- Work required: Your copy should contain exactly the lines from the one that holds "Dorsett Hyundai Terre" through the end of the material, reproduced as written, with no pictures.

- Data extract:
┄┄┄┄┄┄┄┄┄┄┄┄┄┄┄┄┄┄┄┄

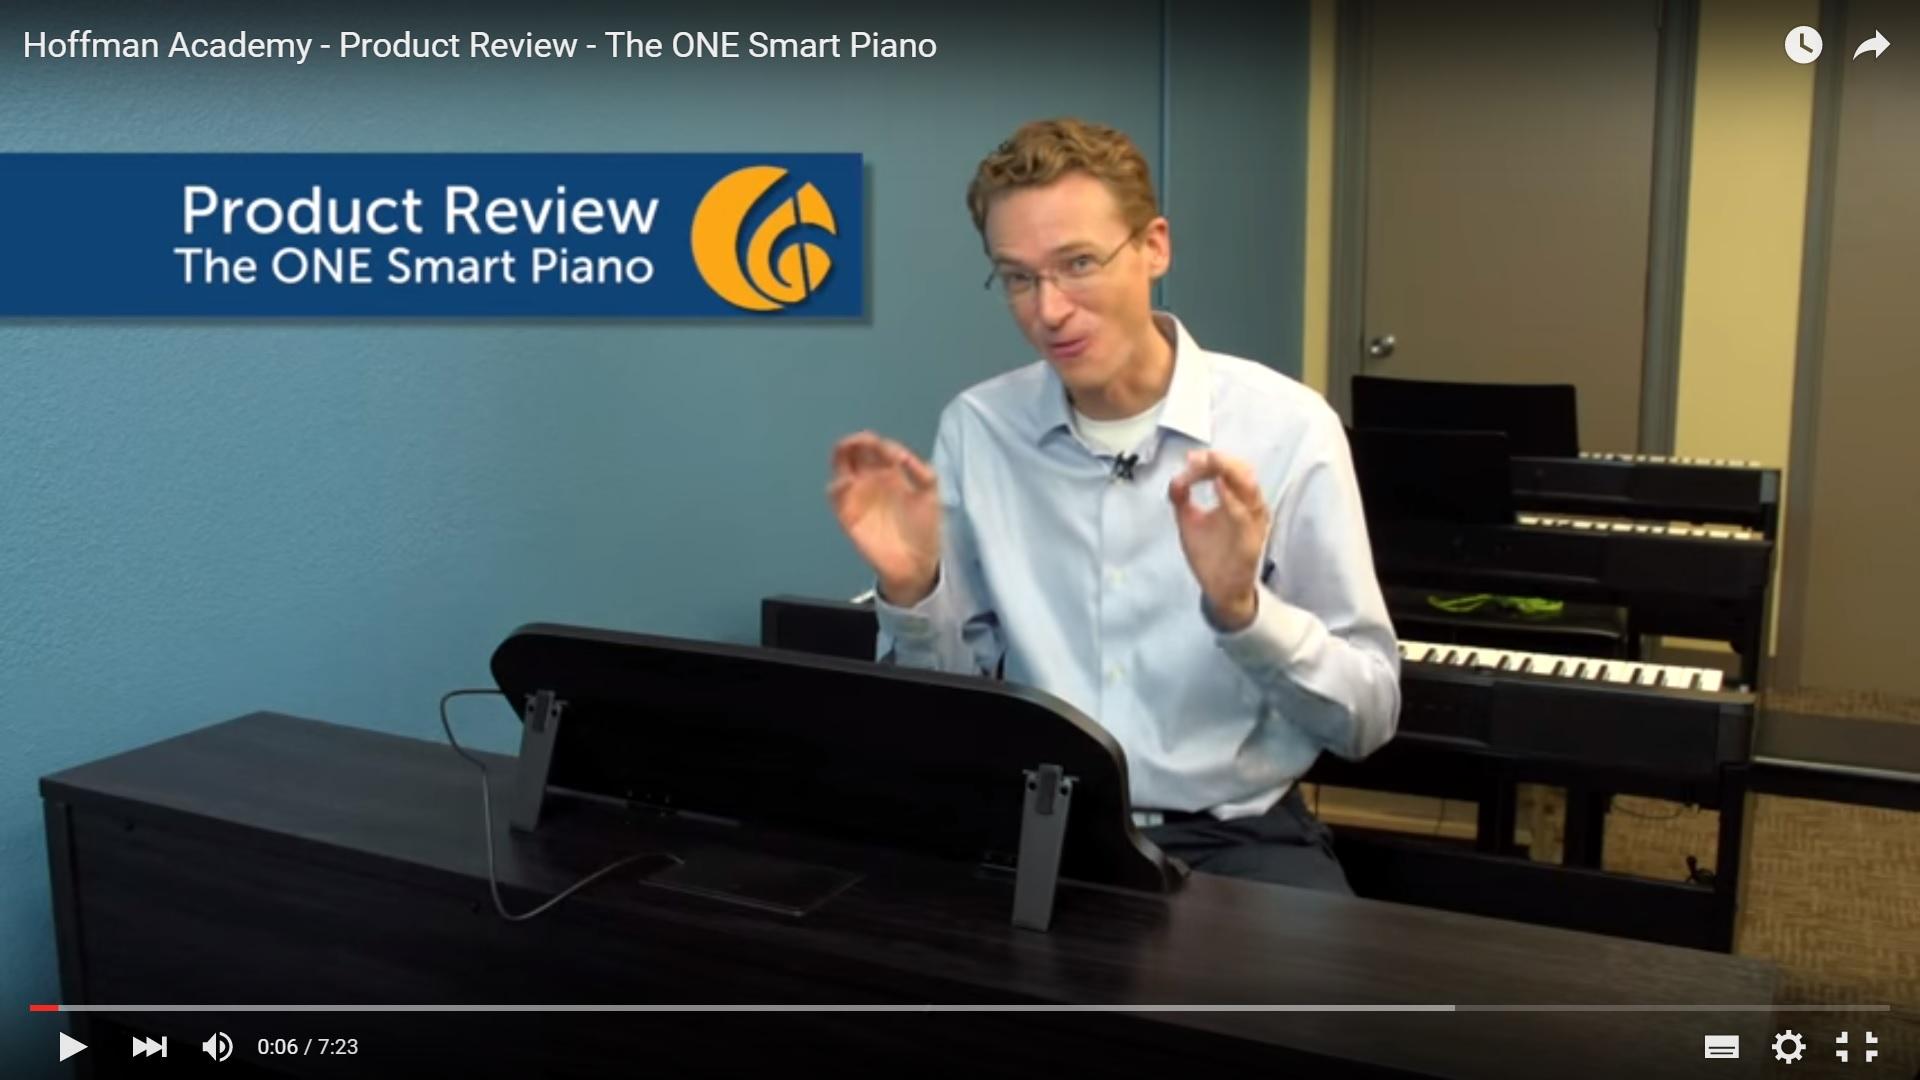 """从硬件到教室,the one希望用""""智能化""""让钢琴教育回归艺术本质"""
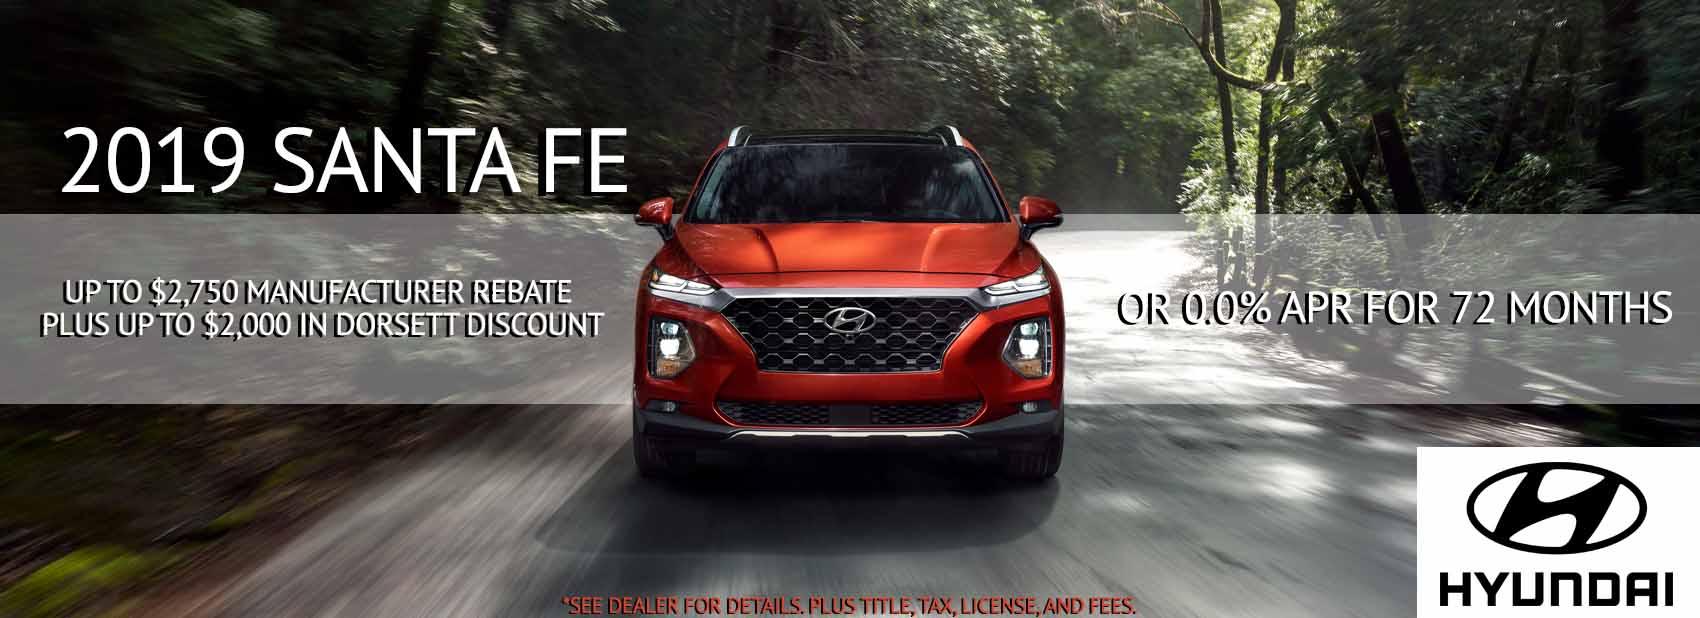 Dorsett Hyundai Terre Haute In New Hyundai Dealer
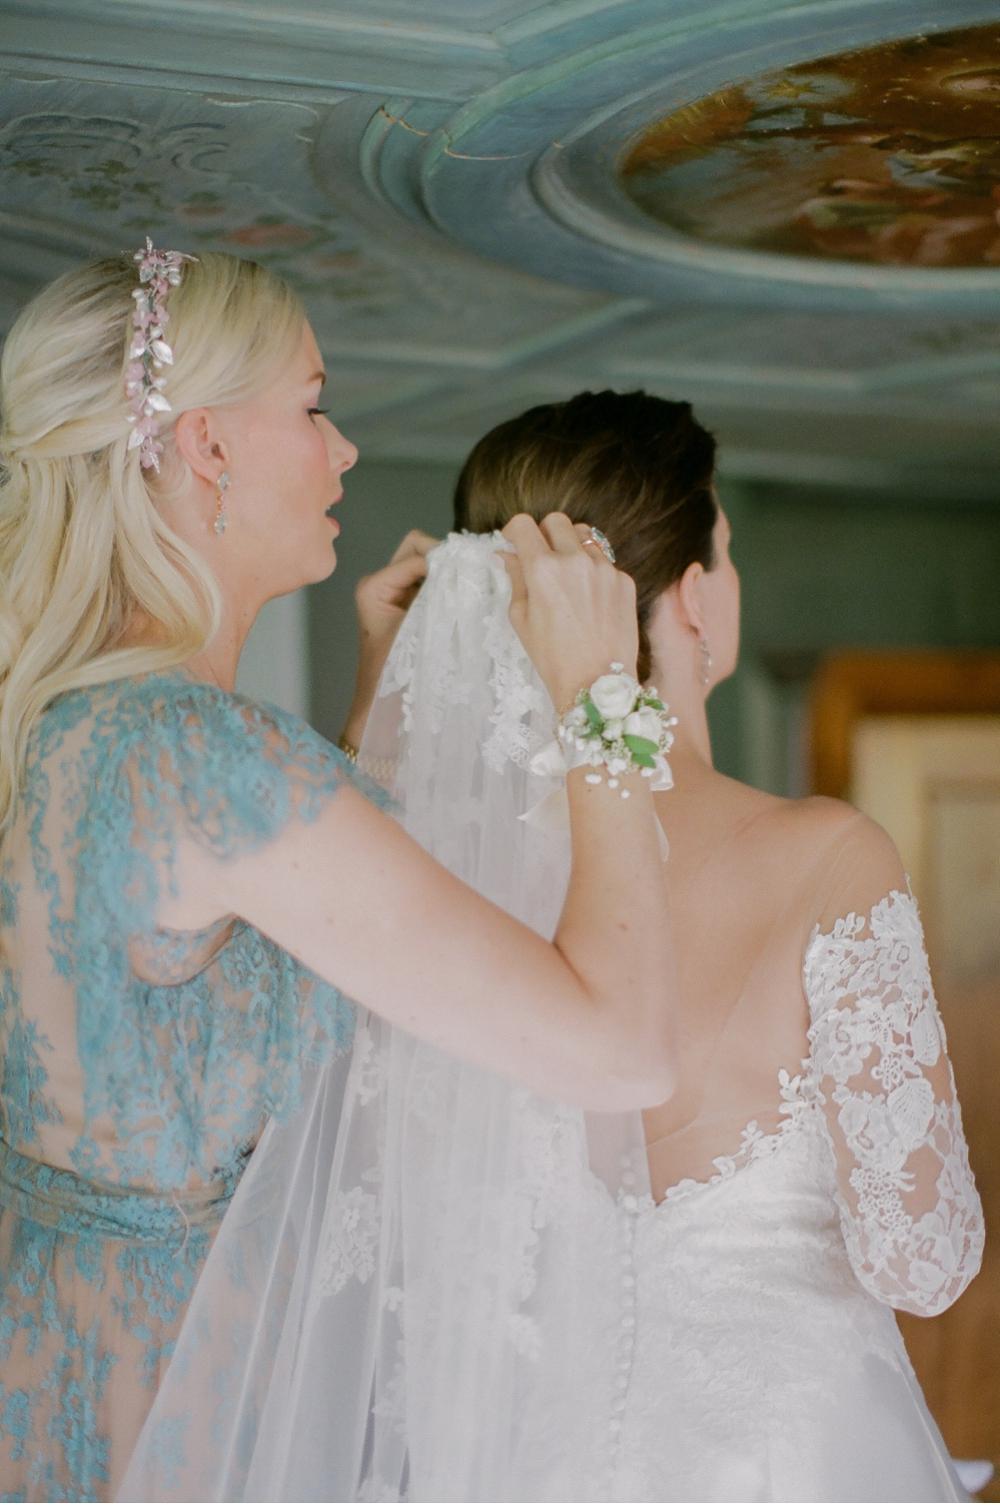 Hochzeitsfotograf_Voralberg_Bregenz_Bodensee©MadalinaSheldon__0017.jpg

┄┄┄┄┄┄┄┄┄┄┄┄┄┄┄┄┄┄┄┄

- Solution:
 Dorsett Hyundai Terre Haute In New Hyundai Dealer
 Hochzeitsfotograf_Voralberg_Bregenz_Bodensee©MadalinaSheldon__0017.jpg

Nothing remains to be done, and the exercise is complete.